Reasons I would not do this:

1.) Just too loud. It sounds good for a minute but then it gets old fast.
2.) There is a definate drone sound.
3.) Poppong everytime I shift would drive me nuts.

I think I will invest in a nice catback system if anything.

My mufflers are back on now ( all 40lbs. of them) until I decide what I want to do.

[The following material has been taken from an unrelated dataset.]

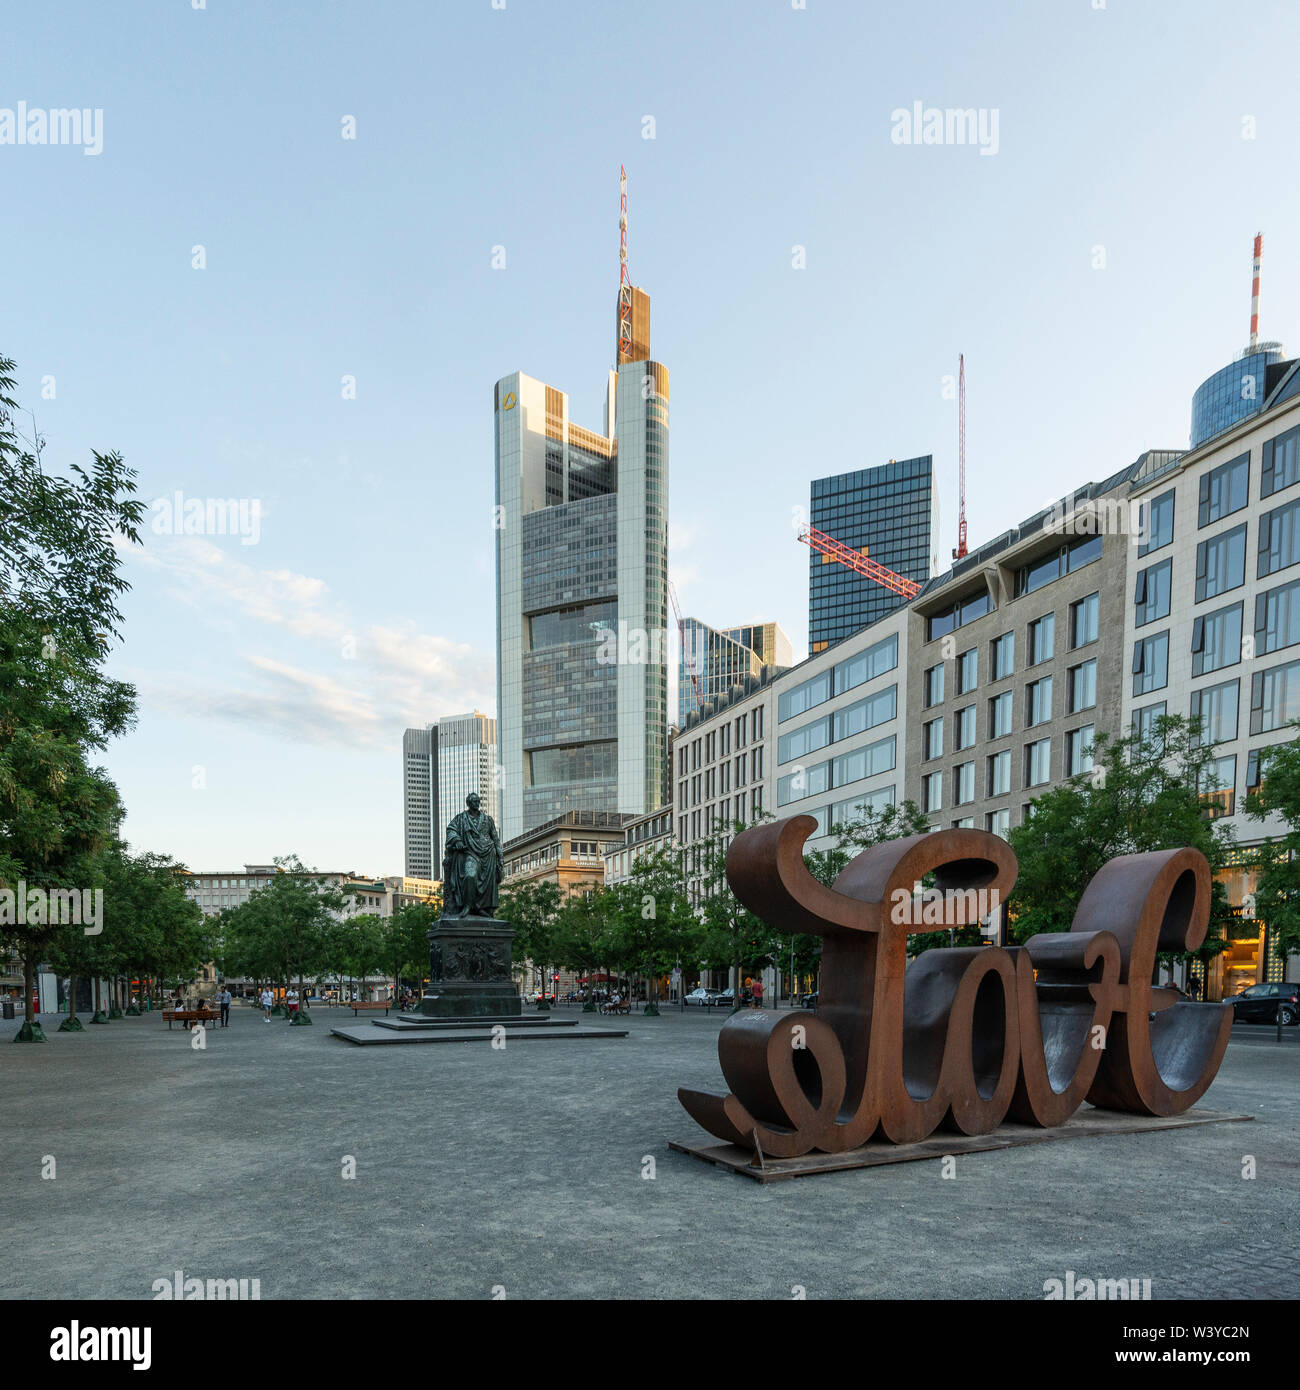 Frankfurt am Main, juillet 2019. Vue sur le monument et la statue de Goethe dans la place du même nom Banque D'Images

For those of you with muffler delete... more power to you :cheers


----------



## 707GTOLS2 (Aug 31, 2005)

I did The muffler drop too, the only thing that gets me is the popping on dcell
other than that I love it, nice and loud cruising in 2nd doing about 30 and shes loud as hell!
probobly gunna get louder when I get my longtubes and cam later


----------



## Pennsylvania Goat (Jul 22, 2005)

Not my daily driver so it was the perfect mod for me.


----------



## fat nick (Aug 21, 2005)

Never had a problem with droning. Droning is always associated with mufflers.


----------



## Starrbuck (Dec 13, 2005)

fat nick said:


> Droning is always associated with mufflers.


Er, that's not true. I had a Loudmouth on my Firehawk and there was a drone at 1800-2000 rpm. The Loudmouth has no mufflers.


----------



## pumpkinking81682 (Jan 5, 2006)

Good 2 go said:


> What'cha get? I've been eying the Corsa Sport. I'll be getting Long Tubes latter this year, and depending on how that sounds without the mufflers, I may or may not get'em.

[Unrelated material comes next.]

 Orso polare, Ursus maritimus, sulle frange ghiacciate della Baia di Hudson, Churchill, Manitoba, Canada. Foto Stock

i have heard some gto's with headers with corsa.....thatr was sick. I got magnaflow and i am very plessed with the sound. do u have any comments about a short shifter?


----------



## LIVEVIL (Sep 9, 2005)

I was going to remove my mufflers, but I don't think I want the car all that loud. I had the resonator removed when I first got the car.


----------



## Good 2 go (Sep 7, 2005)

pumpkinking81682 said:


> i have heard some gto's with headers with corsa.....thatr was sick. I got magnaflow and i am very plessed with the sound. do u have any comments about a short shifter?


Maybe one day I might get a shifter. Not a priority at the moment though. I've read about lots of problems with the B&M Ripper. I'll probably go with the GMM.


----------



## LS2FAST (Jul 22, 2005)

LIVEVIL said:


> I was going to remove my mufflers, but I don't think I want the car all that loud. I had the resonator removed when I first got the car.

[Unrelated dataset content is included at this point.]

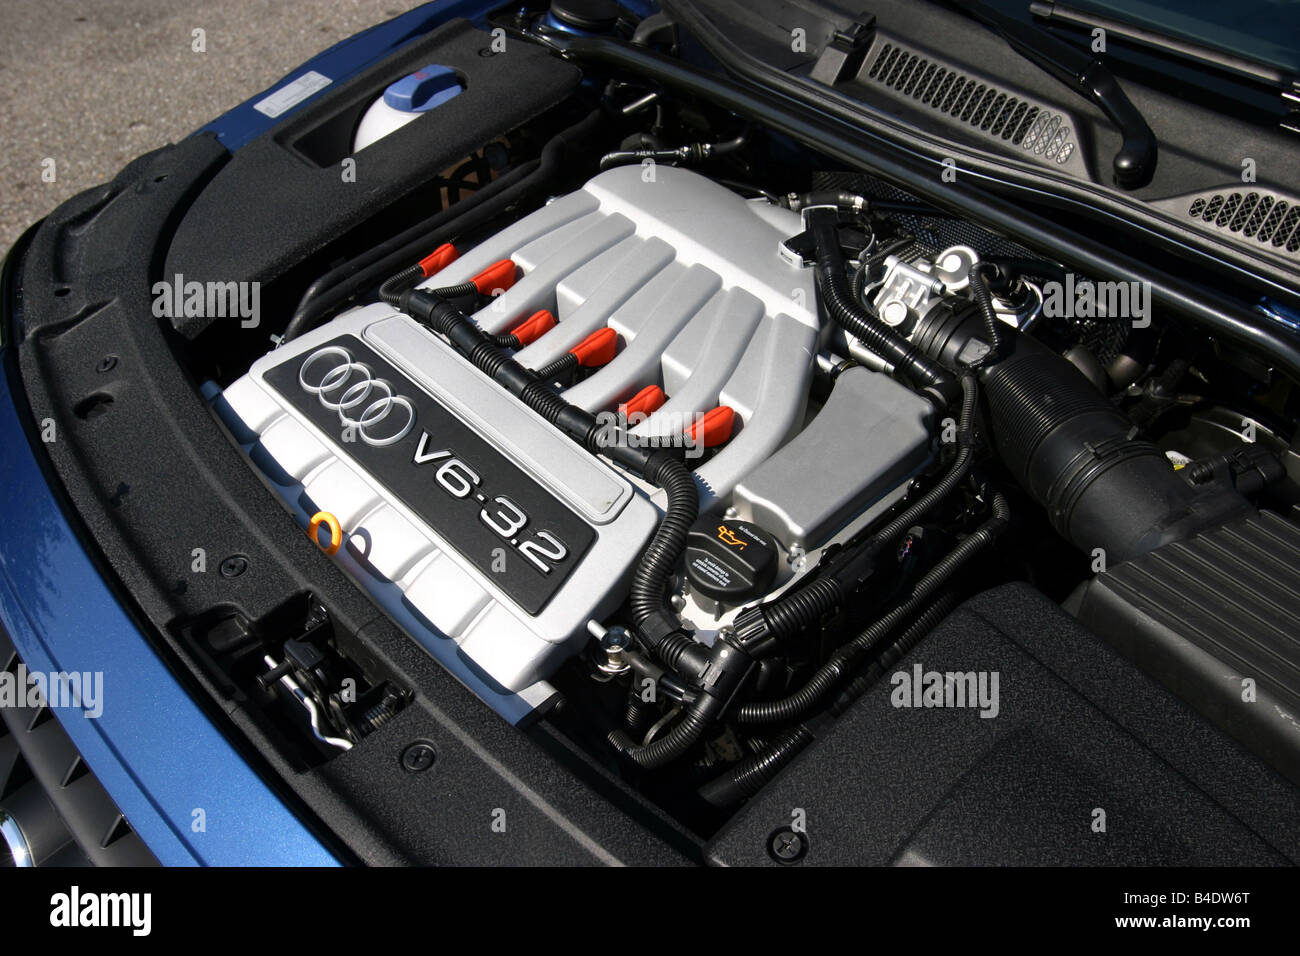 Auto, Audi TT 3.2, Coupe, Roadster, Baujahr 2003-blau, im Motorraum, Motor,  Technik/Zubehör, Zubehör anzeigen Stockfotografie - Alamy

Was there a sound difference with the resonator removed??

Did you put on a "X" pipe??

Please elaborate.


----------



## eyecell007 (Aug 1, 2005)

How did you go about the muffler delete? Did you custom make the parts or is there an after-market stainless piece that I can pick-up?


----------



## V8INTERCEPTOR (Feb 22, 2006)

*Muscle Car Sound?*

does dropping the mufflers make it sound like a muscle car should or is it just loud?


----------



## CrabhartLSX (Feb 12, 2006)

V8INTERCEPTOR said:


> does dropping the mufflers make it sound like a muscle car should or is it just loud?


define "like a muscle car" please?

The way LSX engines are designed, it'll never sound like a 454 chevelle, no matter what you do to it. well, short of a cam.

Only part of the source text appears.